This blog will chronicle the adventures, learning experiences and trials and tribulations of the participants in TIES Argentina. We will try to update on a weekly basis, and welcome your feedback and suggestions.

Monday, March 21, 2011

Valle de Uco

After a very relaxing three-day break, the group was ready to pick up where they left off in the history and culture class with Marcelo Reynoso.  This six-day section focused on the era of Perón in Argentine politics and was divided into two parts.  The first part included lecture time for half of the day while the other half of the day was focused on local fieldtrips. We took three fieldtrips during these first few days. The first fieldtrip included a visit to the local artisan’s market. While there we learned about the history of how the market came to be and how it continues to progress today. Our second trip took us to El Museo de Cuyo, which focused on the history of the Mendoza region, where we learned about several important figures such as San Martín, la familia de Francisco Civit, and Manuel Belgrano. The last fieldtrip focused on the economical development of IMPSA, a large industrial factory in Mendoza. There we learned about an Italian family who transformed their small workshop into one of the largest international industrial factories in Mendoza. After our visit to the industrial factory, Leonardo Román, a history student from the University of Cuyo, visited us and aided in the discussion about Peronism during the 1970’s.

Touring wind turbine manufacturing at the IMPSA plant

             On Saturday we got up bright and early to start the second half of our six-day history and culture lesson, a three-day trip to Valle de Uco. After a short stop at a monument dedicated to San Martín we arrived in San Carlos where we sat down for a talk with Camilo and Blanca. The couple shared their history of how their family arrived in San Carlos and also talked about their experiences during the presidency of Perón. After visiting with Camilo and Blanca, we set off to meet with Marcelo’s parents to talk about their life in San Carlos. It was interesting to see the two varying viewpoints of the couples on politics during the era of Perón and the differences in the history of their families.     

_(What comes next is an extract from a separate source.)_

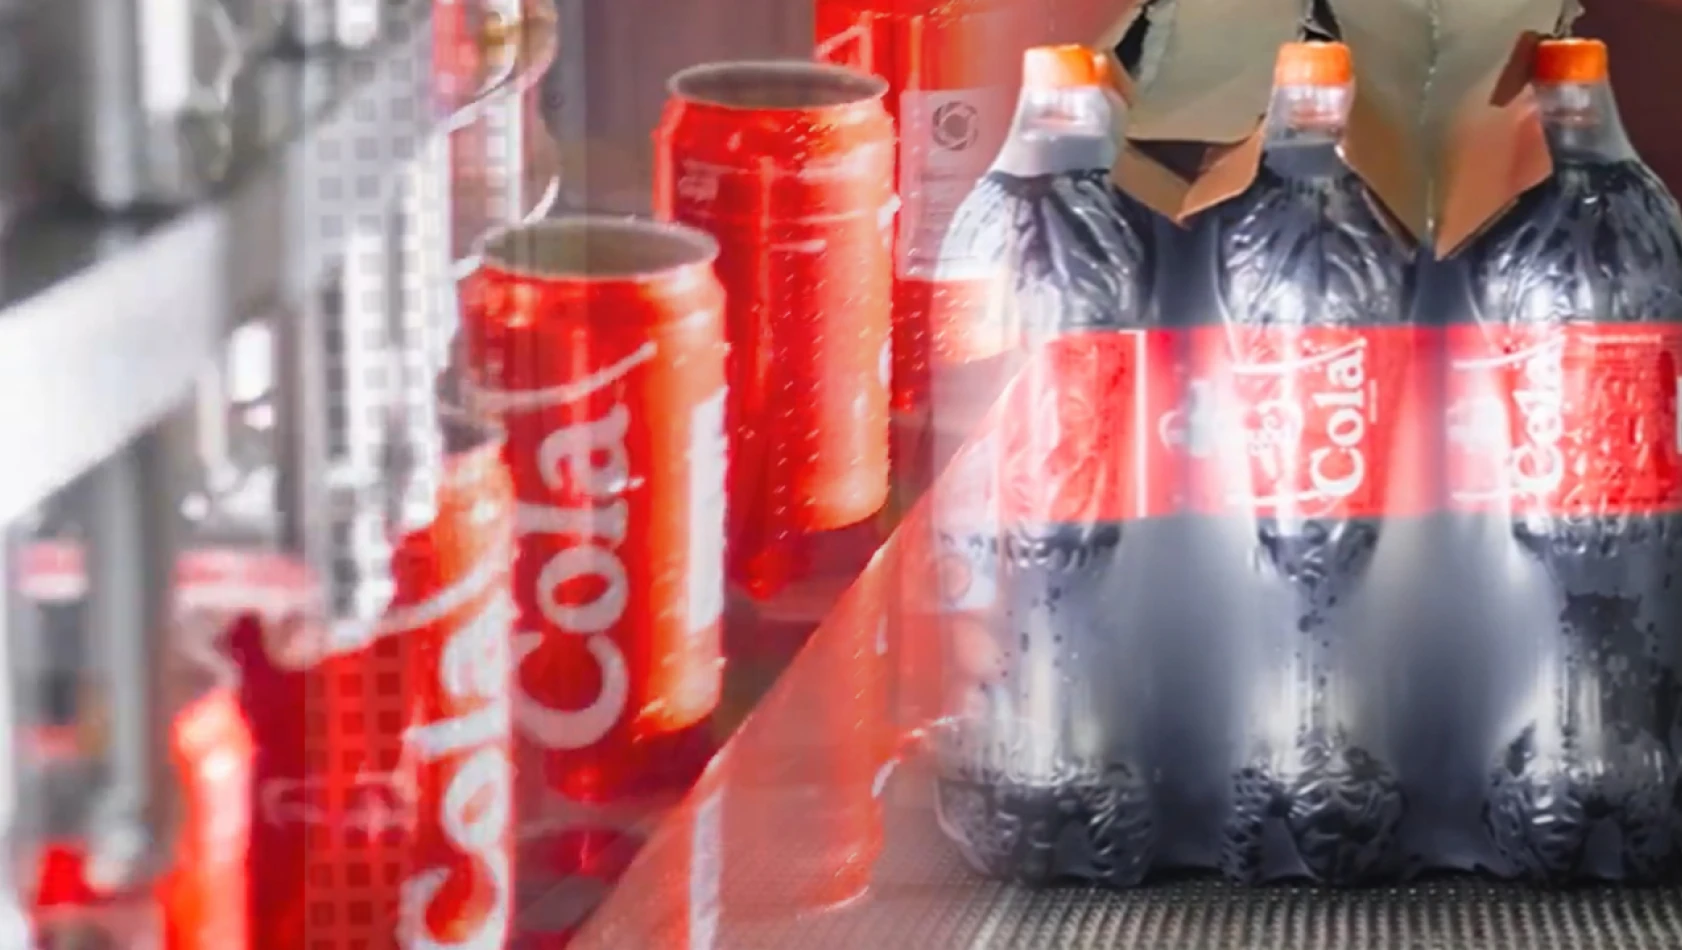 Yerli Cola'yı Boykot Resmen Uçurdu!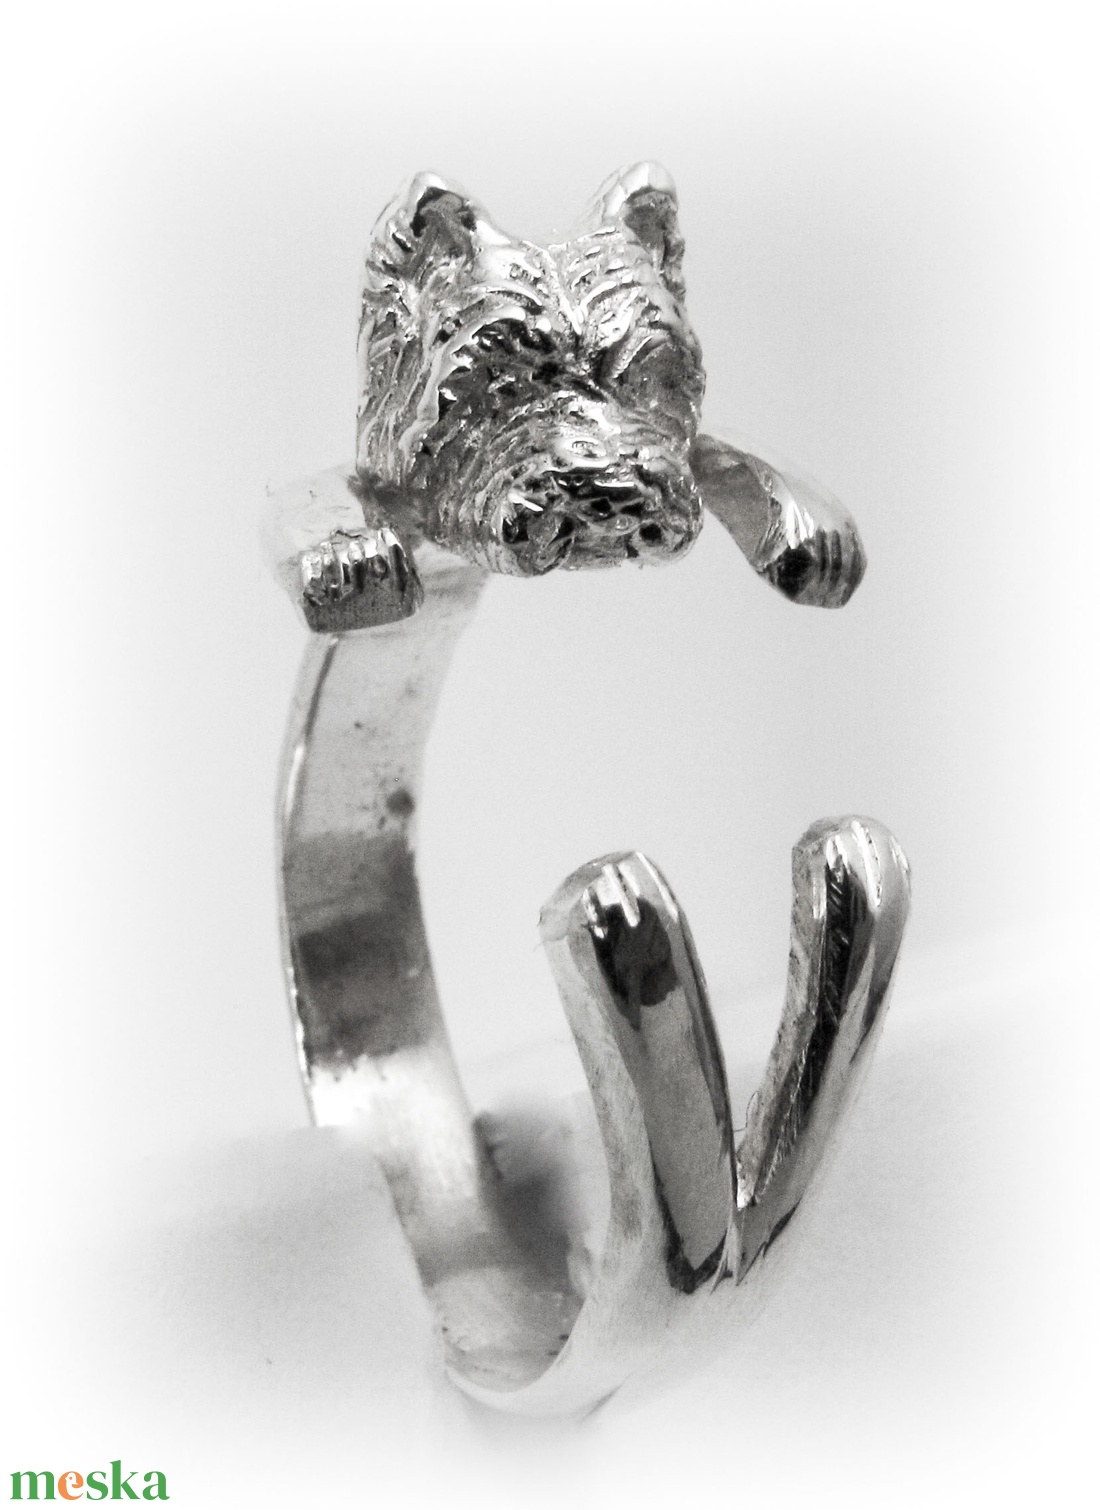 Ezüst/14K-os arany Westie gyűrű - ékszer - gyűrű - figurális gyűrű - Meska.hu

            The next morning we embarked on a bike excursion. This adventure led us on a tour of the canal system of San Carlos. We had several stops where we looked at how the canal system was controlled and listened to Marcelo explain the importance of the canals. After a 13 kilometer ride the group sat down for a quick lunch before a rafting trip on Río Tunuyán. 

Rio Tunuyan and the Frontal Cordillera, Valle de Uco

TIES crew ready to raft the Rio Tunuyan

Following a chilly ride down river, the group returned on bike to the hostel in order to get ready for that night’s festivities. For dinner we headed to a local restaurant called Bar del Abuelos in San Carlos that continues traditional culture. This restaurant still uses family recipes that are 60 years old and also maintains traditional dress. While enjoying the food, we were also serenaded throughout the night.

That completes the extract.